ASSIGNMENT: In the material below, find the line containing "This work by" and the line containing "Archival pigment print". Output those two lines and all lines between them exactly, without pictures.

THE RECORDS:
------------------------------
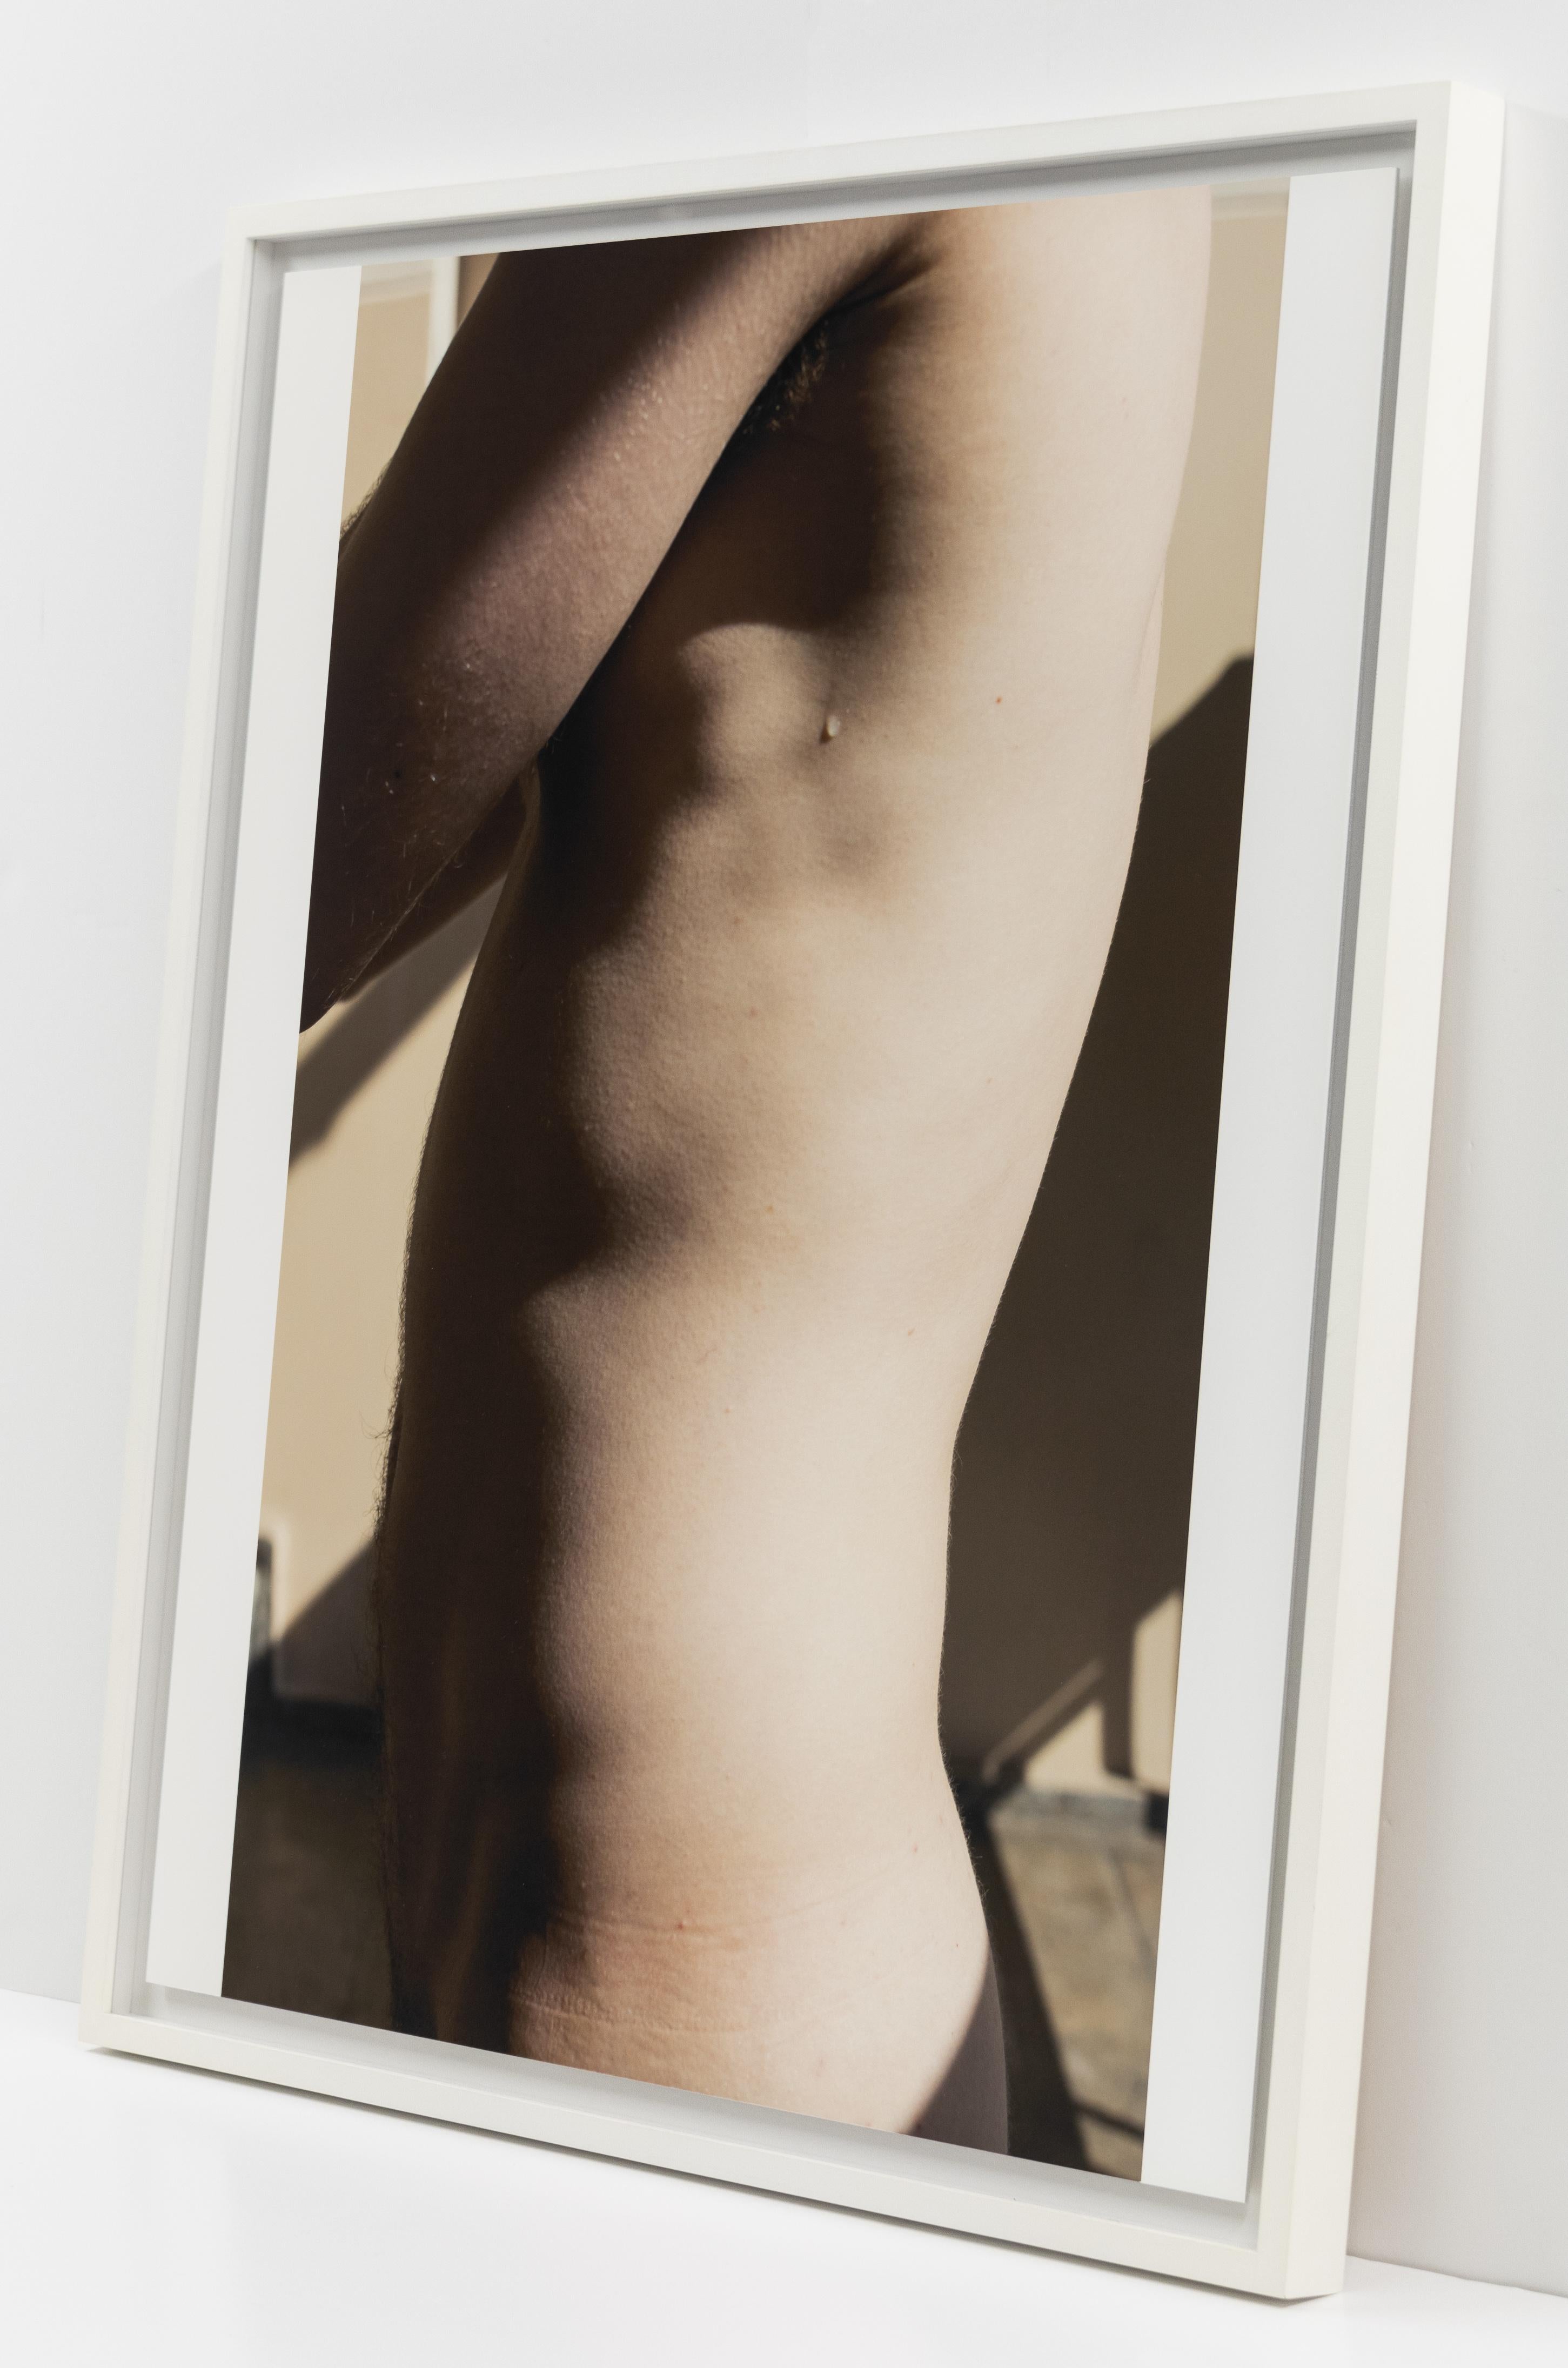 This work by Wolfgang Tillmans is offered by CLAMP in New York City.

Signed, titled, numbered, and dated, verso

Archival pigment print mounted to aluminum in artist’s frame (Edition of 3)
------------------------------
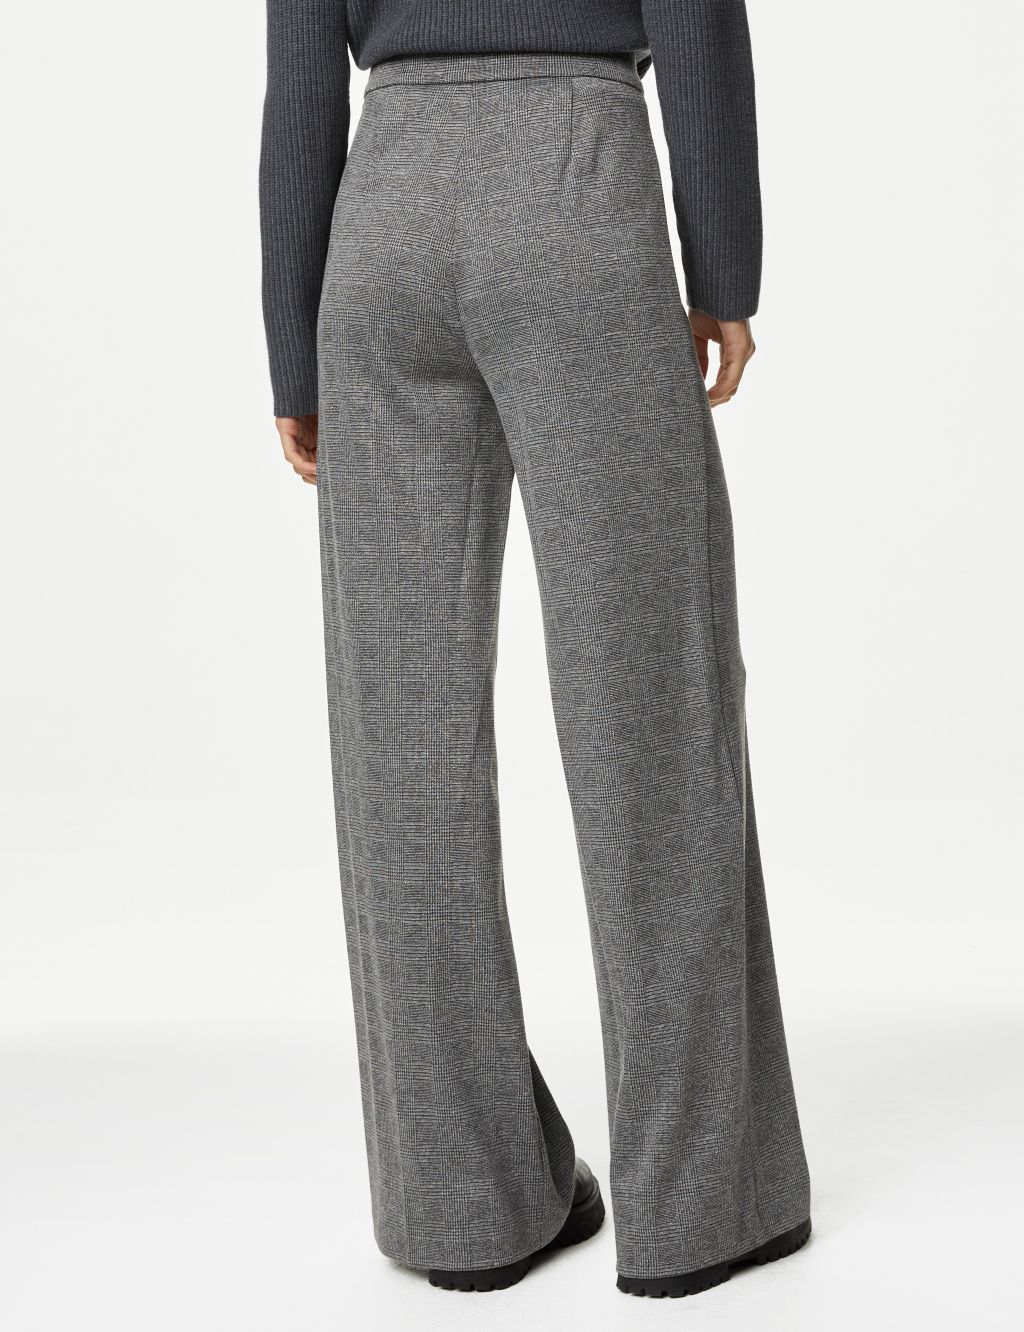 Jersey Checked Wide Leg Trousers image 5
------------------------------
WRITTEN SOLUTION:
 This work by Wolfgang Tillmans is offered by CLAMP in New York City.

Signed, titled, numbered, and dated, verso

Archival pigment print mounted to aluminum in artist’s frame (Edition of 3)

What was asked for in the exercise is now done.